MSF joins activists pushing to break the stalemate ahead of critical WTO meeting this week
As governments prepare to discuss the ‘TRIPS Waiver’ at the World Trade Organization (WTO) this week, our MSF team, along with treatment activists and civil society organisations, are protesting today outside the embassies of Belgium, the Netherlands and the US in Tshwane, the executive capital of South Africa, calling on these governments to break the impasse and fast-track the negotiations on the TRIPS Waiver so it is adopted at the upcoming WTO Ministerial Conference at the end of November.
The groups are urging the US to play a more proactive role in steering the negotiations to reach a consensus and swift agreement, following the government’s statement of support for the TRIPS Waiver in early May.
“We have gathered outside the embassies of Belgium and the Netherlands to relay a clear message to EU countries to stop stonewalling on this critical waiver and stop putting multinational pharmaceutical corporations profiteering over human lives,” said Candice Sehoma, South Africa Advocacy Officer for MSF’s Access Campaign.
“Even though France, Greece, Italy and Spain have already come out to support the waiver, another handful of governments in the EU with strong pharmaceutical corporation ties is choosing to put shareholder interests over the lives of people across the globe. We are calling on supportive EU countries to show real leadership and convince their neighbours to do the right thing so that the EU as a whole finally gets in line and supports the TRIPS Waiver.”
“We have gathered outside the embassies of Belgium and the Netherlands to relay a clear message to EU countries to stop stonewalling on this critical waiver and stop putting multinational pharmaceutical corporations profiteering over human lives”Candice Sehoma, South Africa Advocacy Officer for MSF’s Access Campaign
The landmark TRIPS Waiver proposal was originally put forward by India and South Africa one year ago and is now officially backed by 64 sponsoring governments, with more than 100 countries supporting overall. It offers an expeditious option to overcome the legal barriers during the pandemic and could pave the way for diversified supply and production so that more affordable and sustainable access can be guaranteed.
However, despite dozens of statements by supporting governments emphasising the Waiver’s urgency and importance, the proposal has been effectively stalled by a small number of opposing governments, including the European Union (primarily Belgium, Denmark, Finland, Germany, Ireland, the Netherlands and Sweden), plus Norway, Switzerland and the UK.

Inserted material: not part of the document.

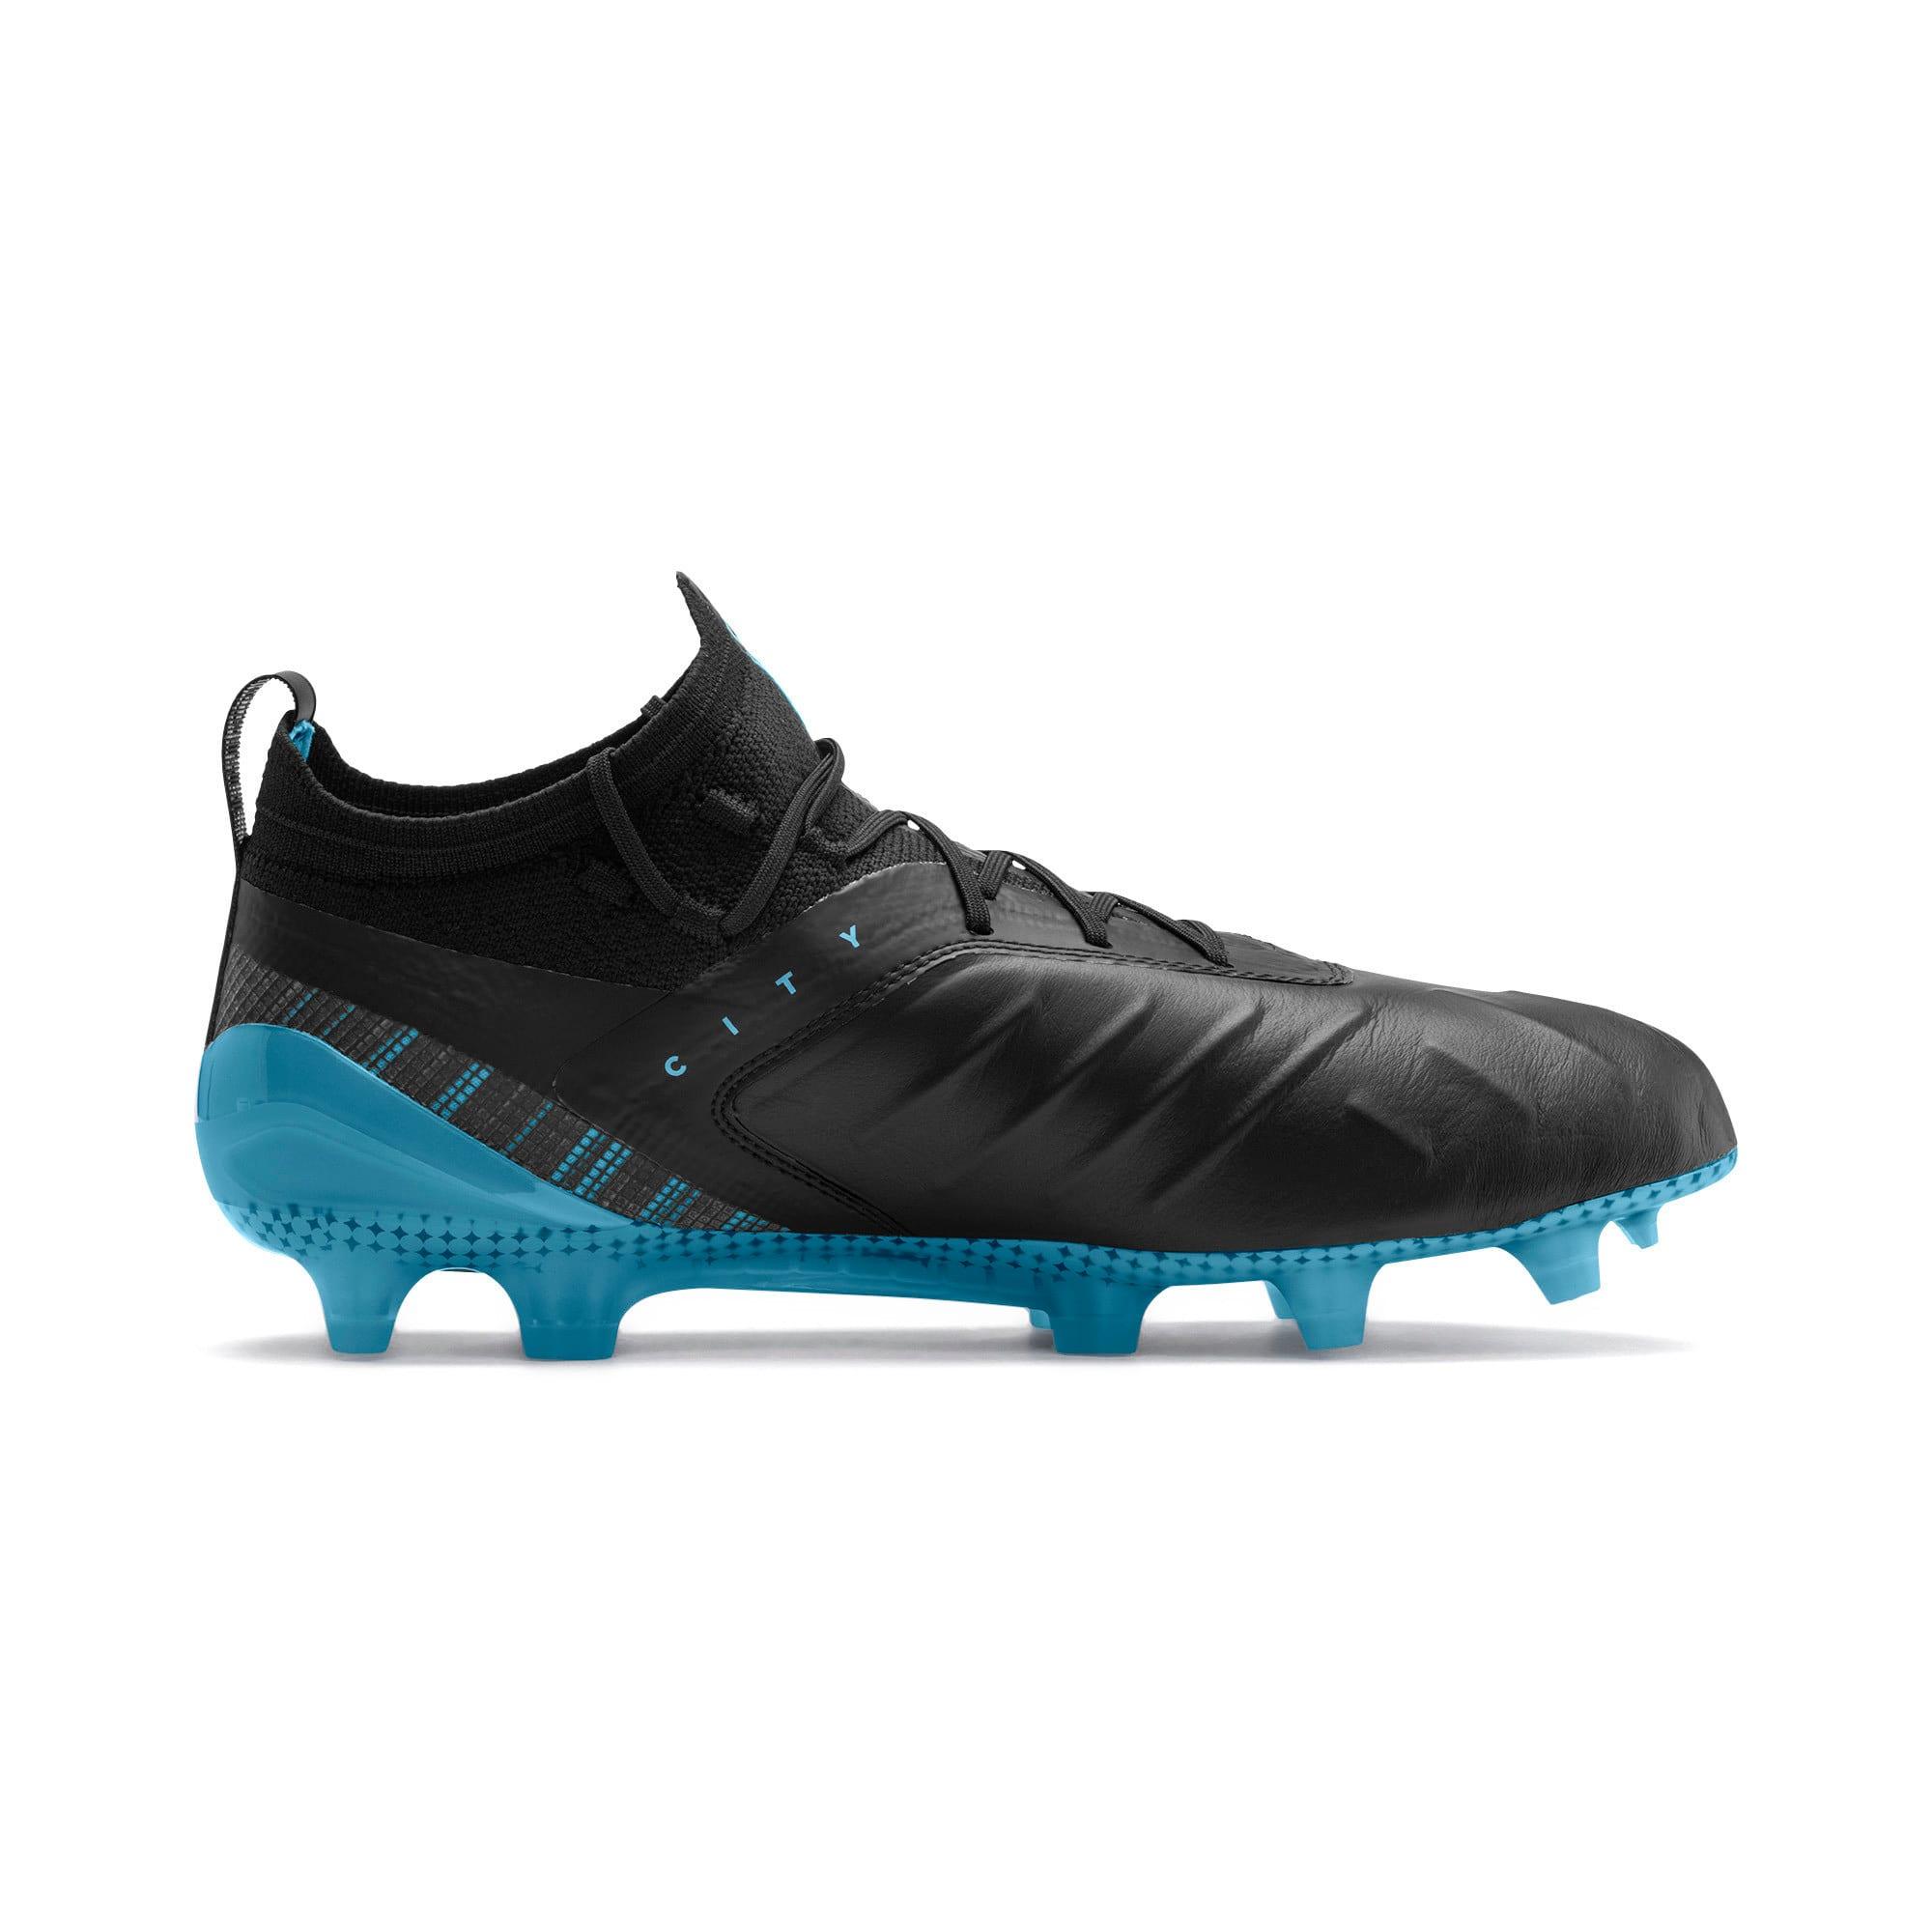 Thumbnail 6 of PUMA ONE 5.1 City FG/AG Men's Soccer Cleats, Black-Sky Blue-Silver, medium
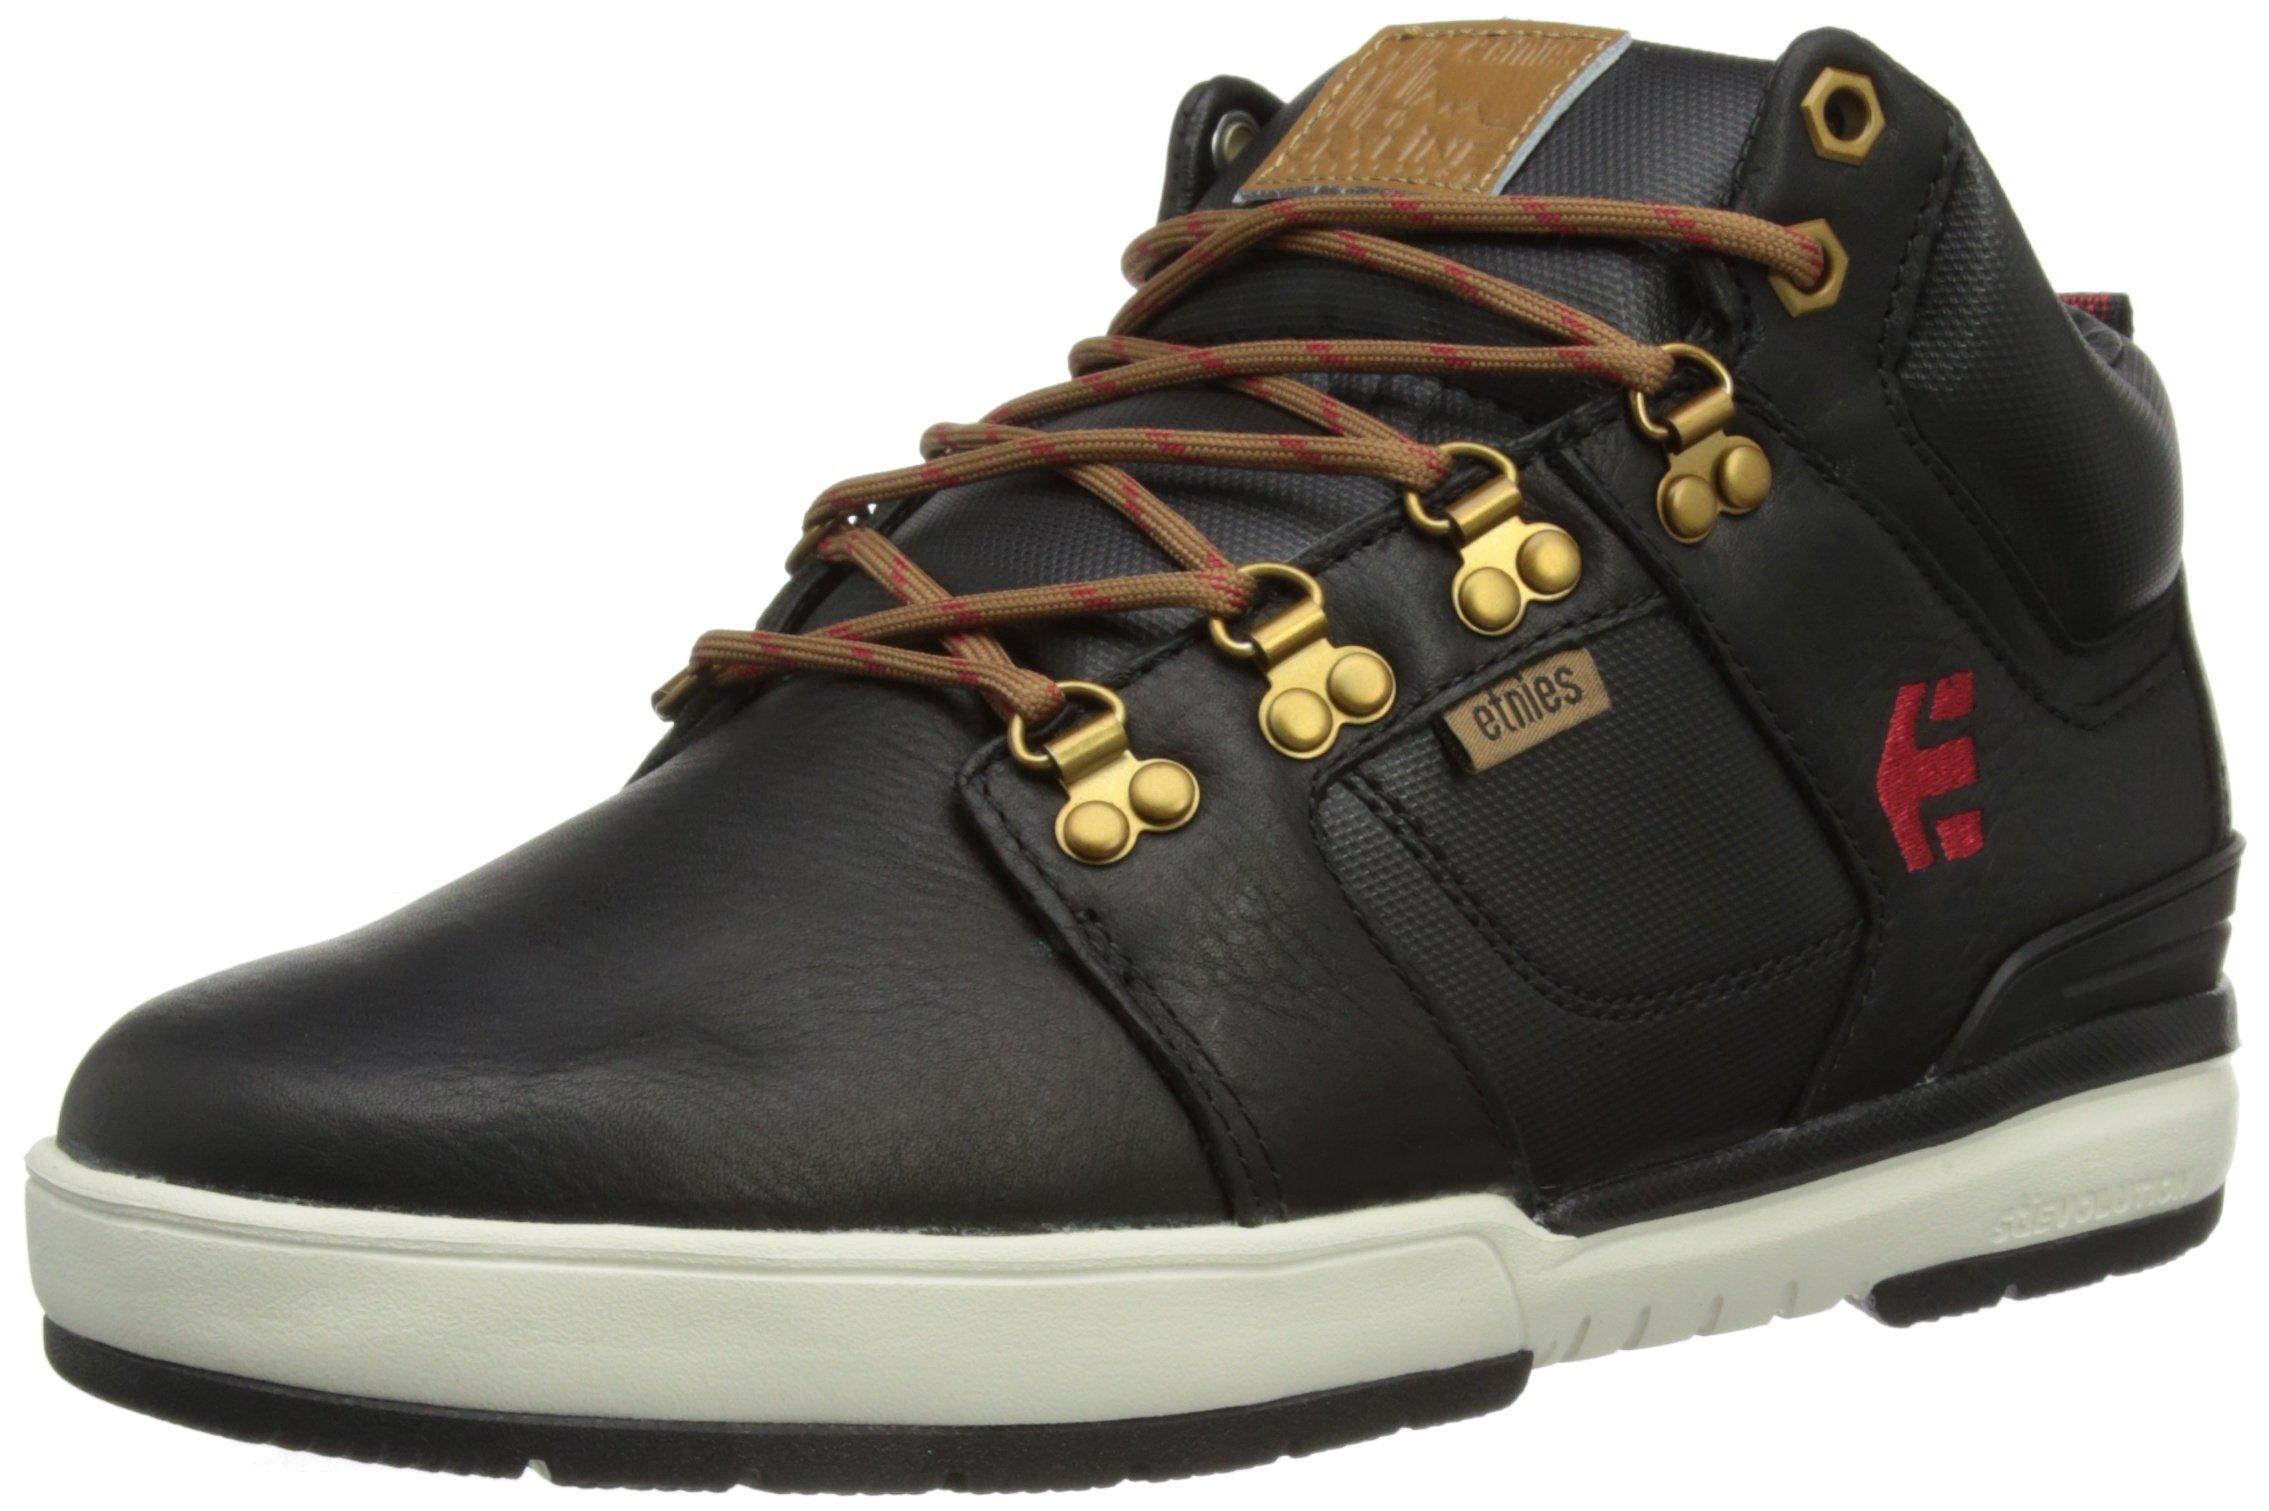 Etnies Men's High Rise ODB LX Skate Shoe,Black,8 D US

“The US made a big, bold decision to support this groundbreaking TRIPS Waiver, but is now largely absent from the global effort to make it a reality,” said Avril Benoît, executive director of MSF-USA. "This is a historic opportunity, and the US must play a leadership role. While the US now has plenty of tools to tackle COVID-19, people in many low- and middle-income countries are still suffering and dying without vaccines, tests, or treatments. We don’t have time to waste. The US must deliver on its promise and ensure that the TRIPS Waiver is adopted.
"We have been saying from the start of this pandemic that governments cannot rely on voluntary measures by pharmaceutical corporations, and the molnupiravir example is a case in point"Felipe Carvalho, MSF Access Campaign Coordinator in Brazil
The world continues to witness global inequity in access to COVID-19 medical tools with high-income countries stockpiling and hoarding treatments and vaccines instead of allowing the fair distribution needed to end this pandemic. The US recently reserved 1.7 million treatment of the promising COVID-19 treatment molnupiravir, which, if approved, could be critical for reducing hospitalizations and deaths.
The molnupiravir case illustrates why the TRIPS Waiver is so desperately needed: While the US government funded the development of the medicine by Emory University, pharmaceutical corporations Ridgeback and Merck obtained the licensing and rights for the medicine. Instead of offering licenses widely to all competent manufacturers in different countries, a voluntary license signed in April 2021 only includes Indian generic companies and hinders countries like Brazil from being able to produce and import the API (raw material) and generic versions.
“We cannot welcome a voluntary license from Merck that deliberately blocks many middle-income countries from producing and supplying this drug on their own. It is crystal clear that unless legal tools like the TRIPS Waiver are adopted, many countries will continue to be at the mercy of patent-holding corporations that have the say over who gets to produce, who gets to buy, and at what price, while health ministries are already reeling from the rising costs of tackling COVID-19.
We say to the remaining blocking governments: the eyes of the world are really just on you now – so you should think about what side of history you want to be on when the books on this pandemic are written.”